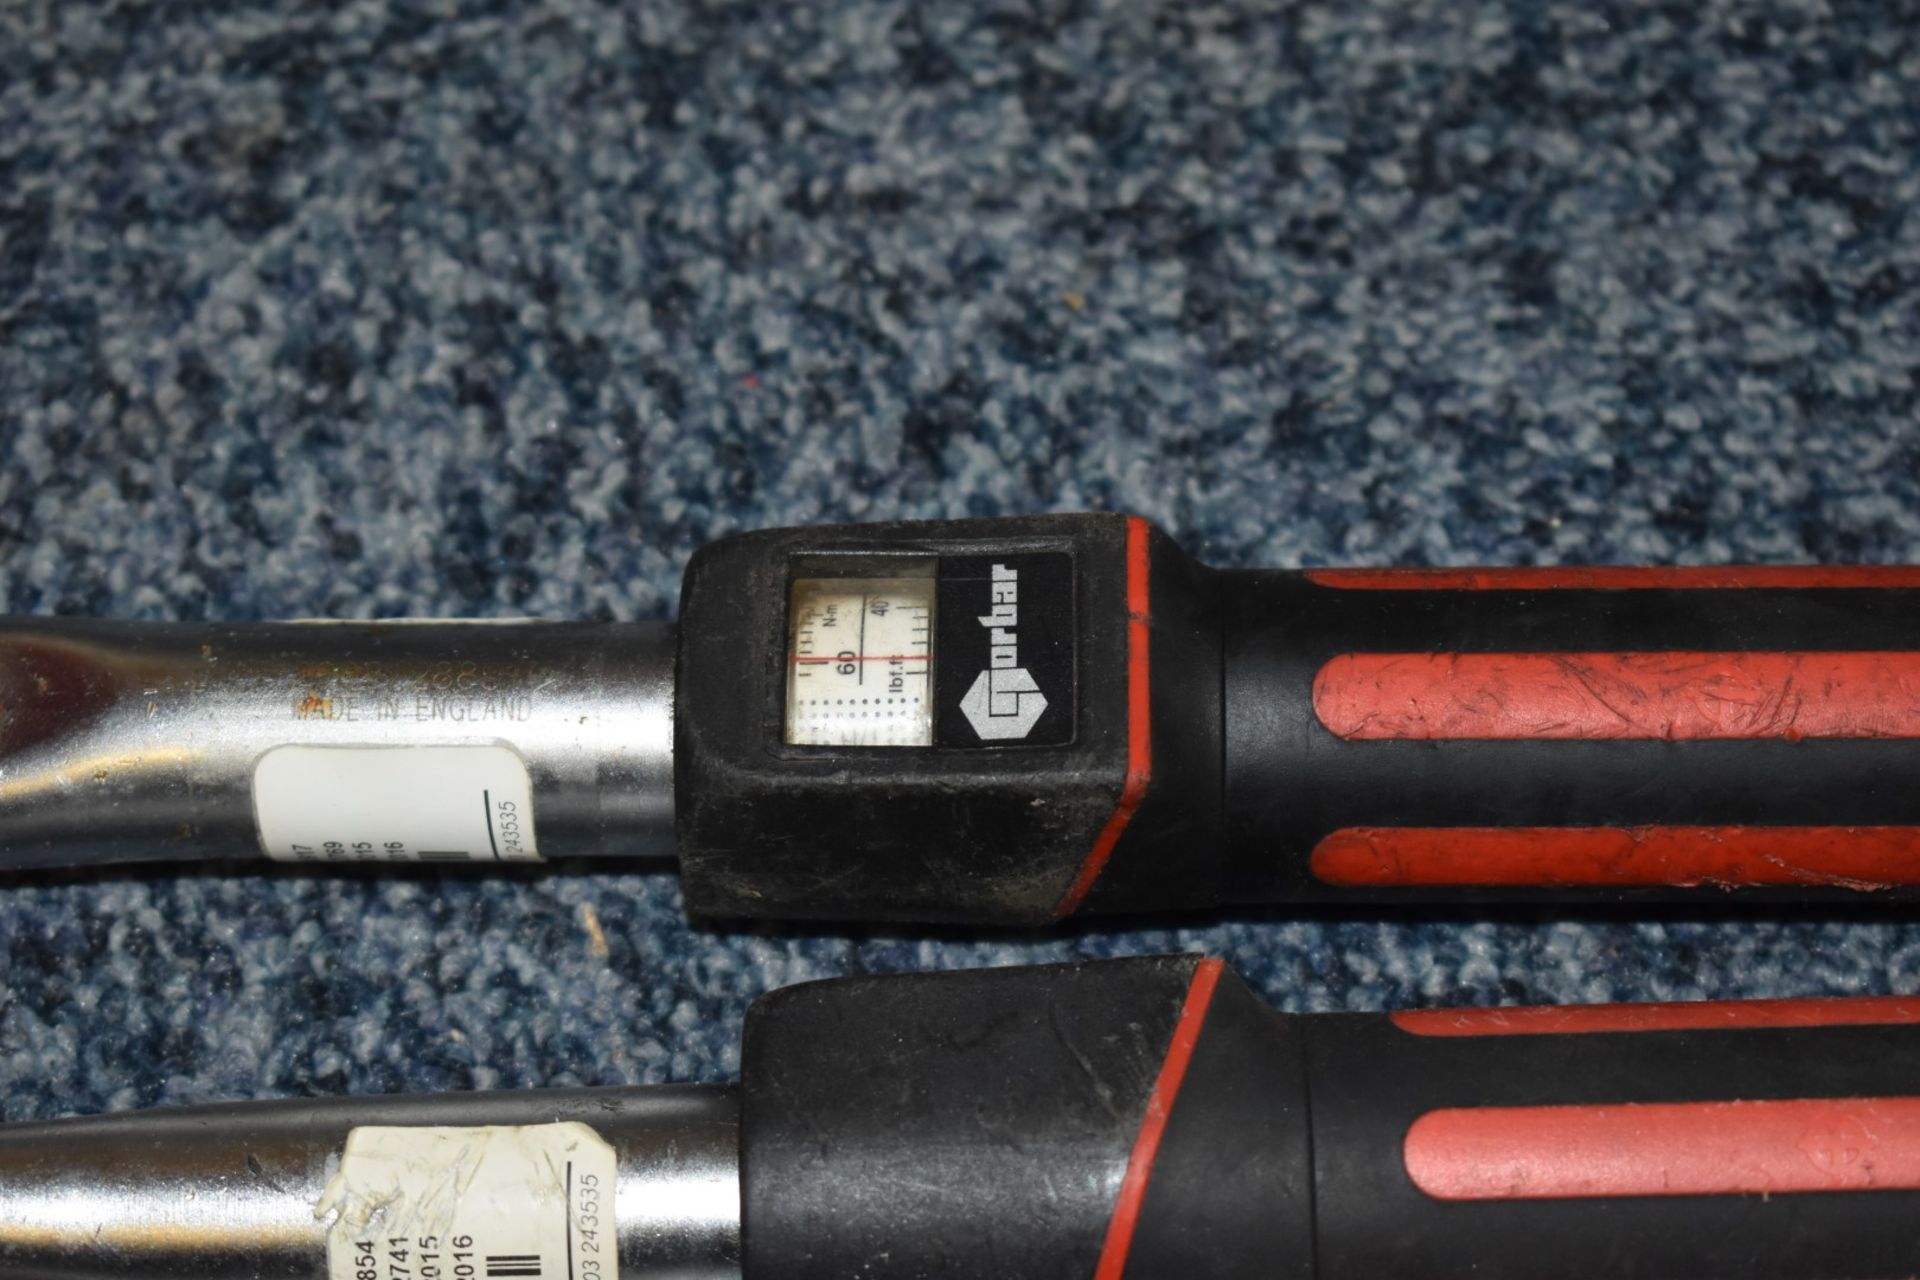 5 x Norbar 60TH Adjustable Torque Wrench Tools With Two Attachments - Approx RRP £550 - Ref WHC173 - Image 5 of 6
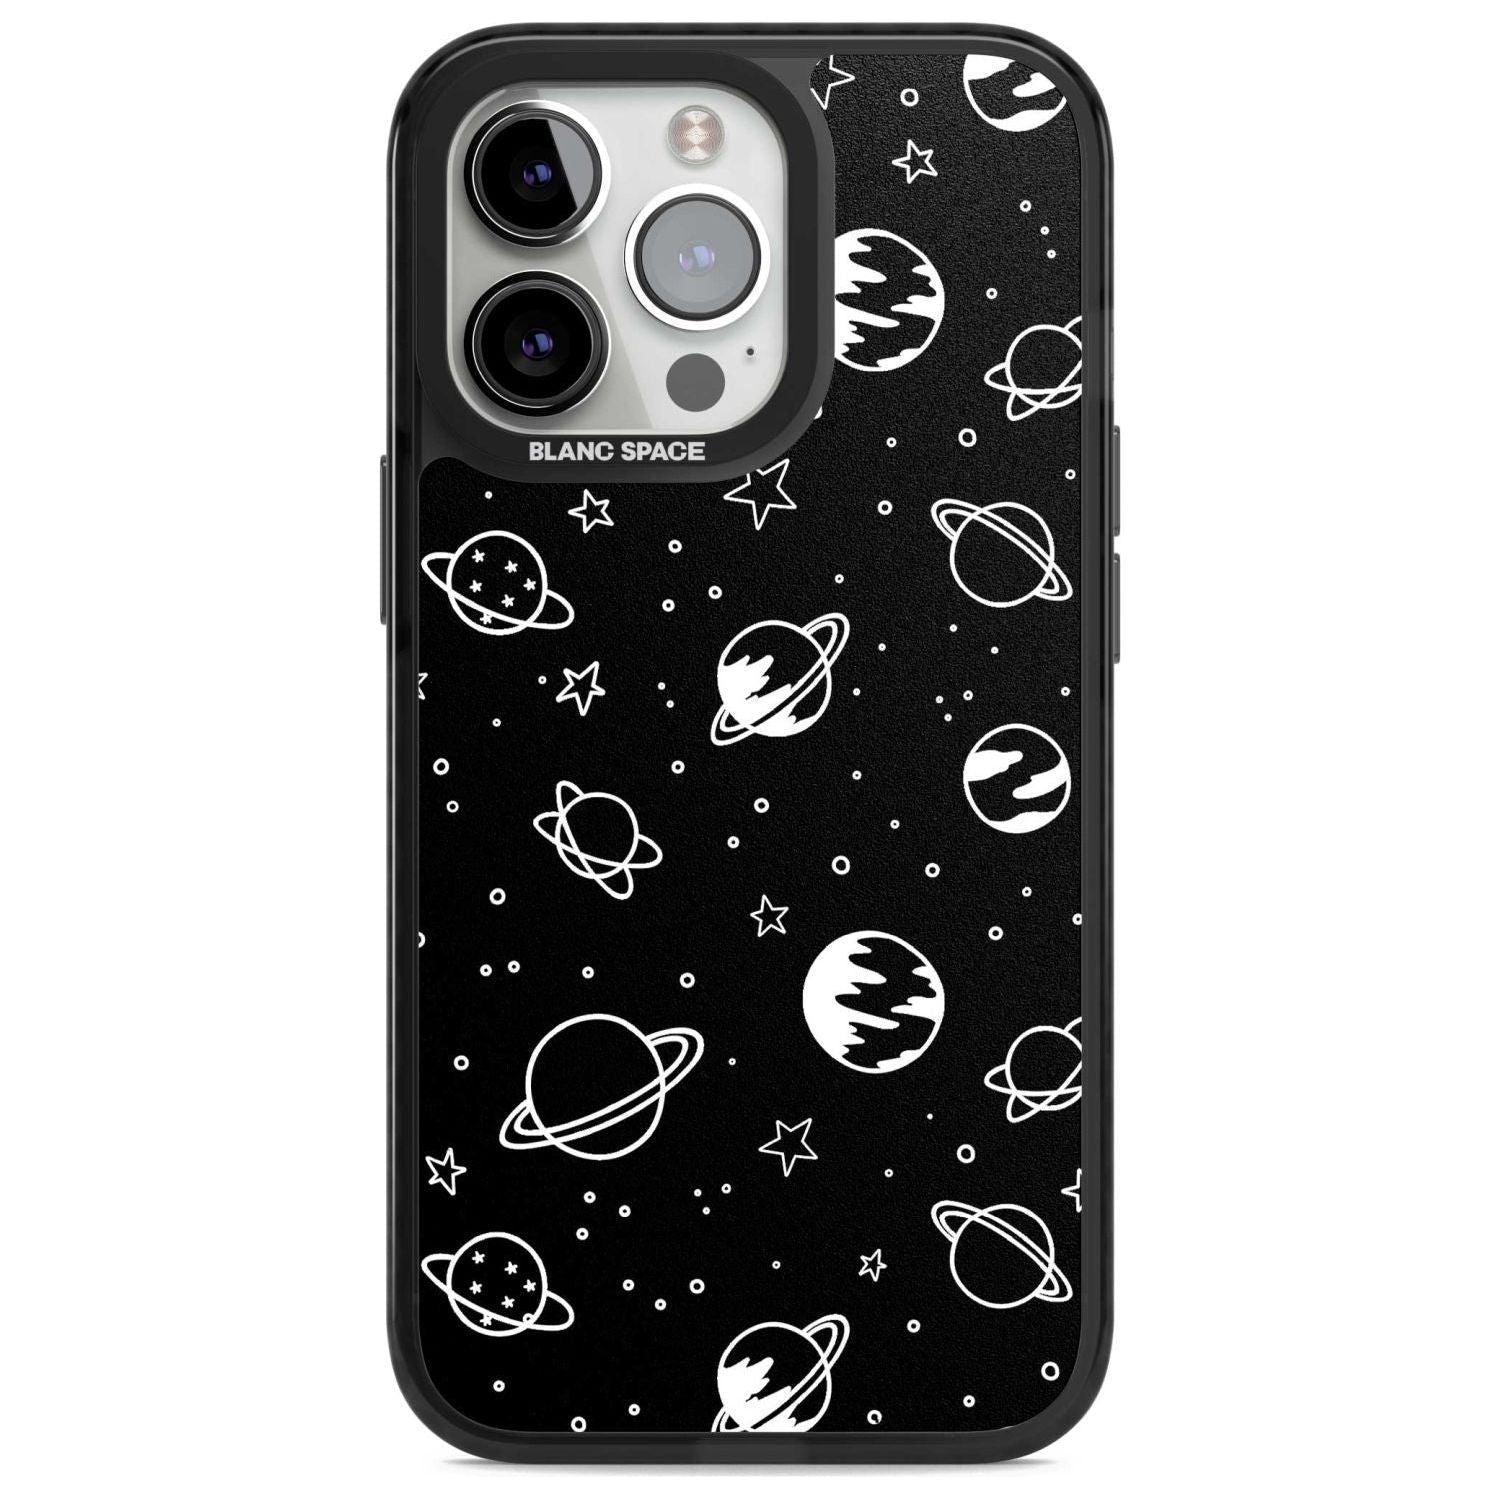 Cosmic Outer Space Design White on Black Phone Case iPhone 15 Pro Max / Magsafe Black Impact Case,iPhone 15 Pro / Magsafe Black Impact Case,iPhone 14 Pro Max / Magsafe Black Impact Case,iPhone 14 Pro / Magsafe Black Impact Case,iPhone 13 Pro / Magsafe Black Impact Case Blanc Space
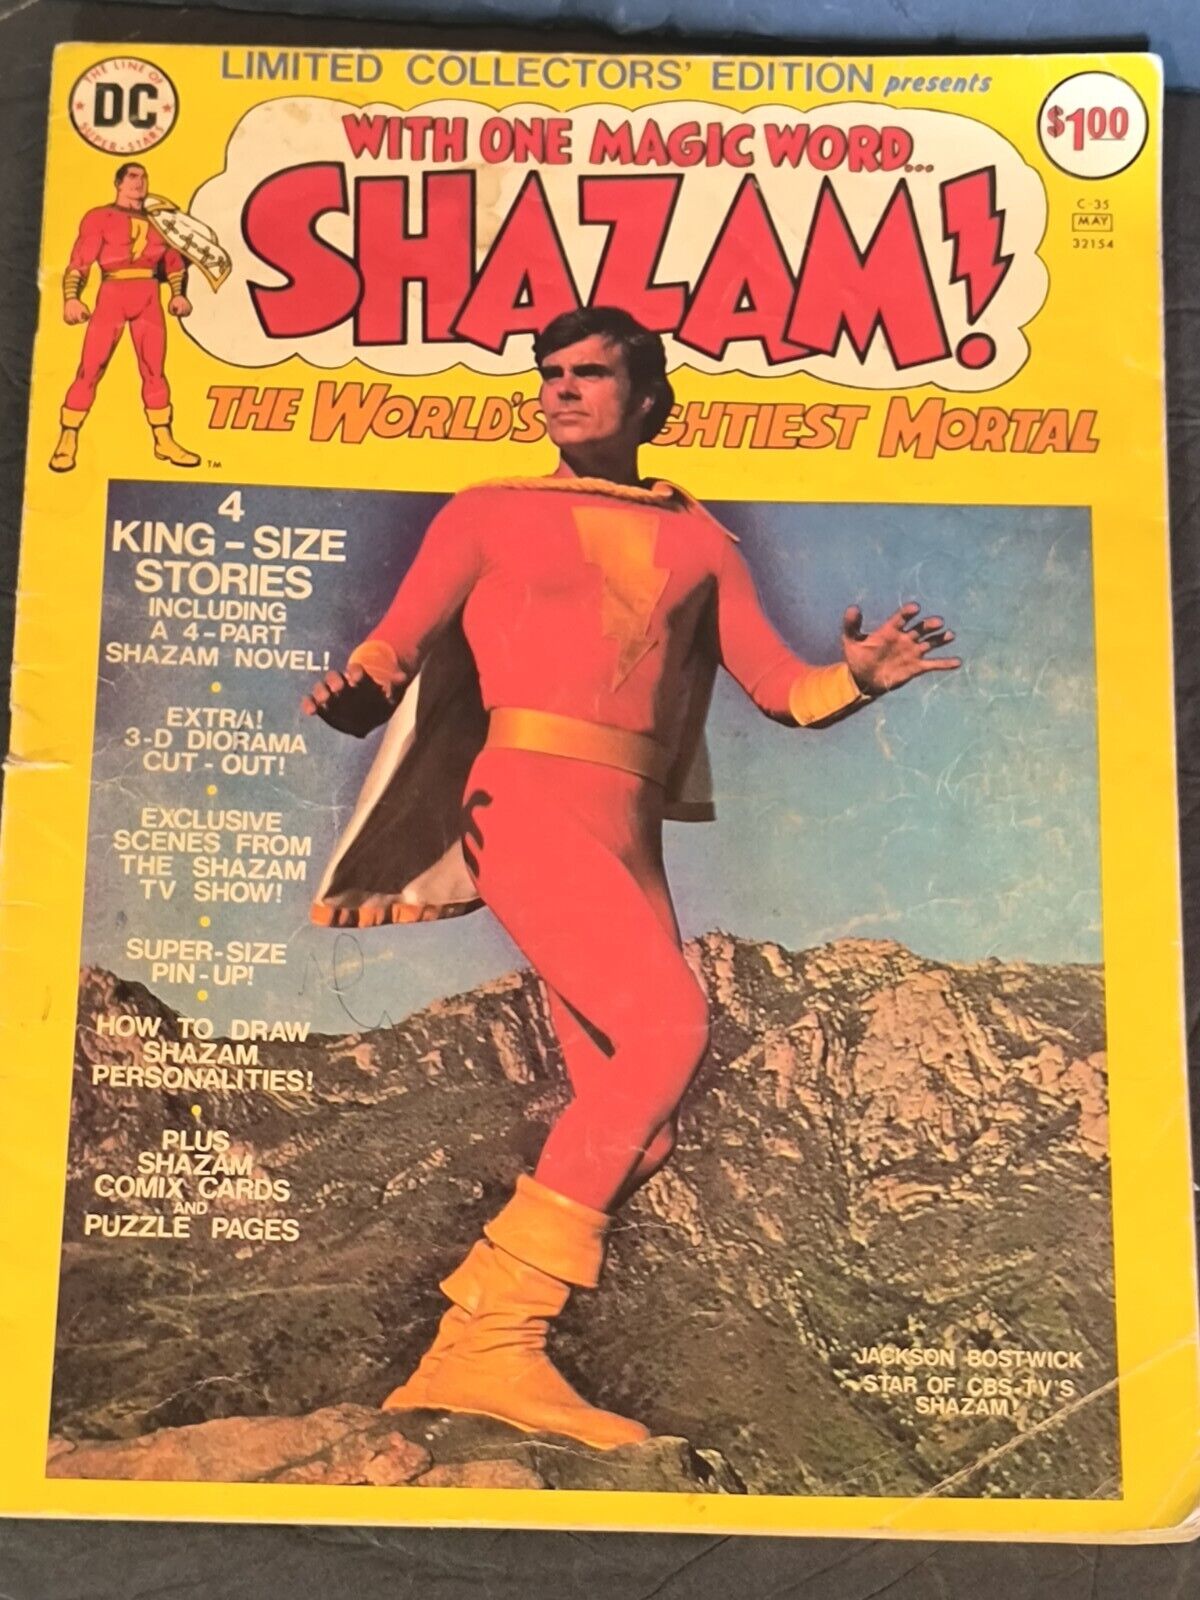 DC LIMITED COLLECTORS' EDITION: WITH ONE MAGIC WORD...SHAZAM, C-35, 1976, VG+

──────────────────────────────

Required work.
All of the material above is to be copied exactly, except for its images.

Exercise answer.
 5 x Norbar 60TH Adjustable Torque Wrench Tools With Two Attachments - Approx RRP £550 - Ref WHC173 - Image 5 of 6
 Cosmic Outer Space Design White on Black Phone Case iPhone 15 Pro Max / Magsafe Black Impact Case,iPhone 15 Pro / Magsafe Black Impact Case,iPhone 14 Pro Max / Magsafe Black Impact Case,iPhone 14 Pro / Magsafe Black Impact Case,iPhone 13 Pro / Magsafe Black Impact Case Blanc Space
 DC LIMITED COLLECTORS' EDITION: WITH ONE MAGIC WORD...SHAZAM, C-35, 1976, VG+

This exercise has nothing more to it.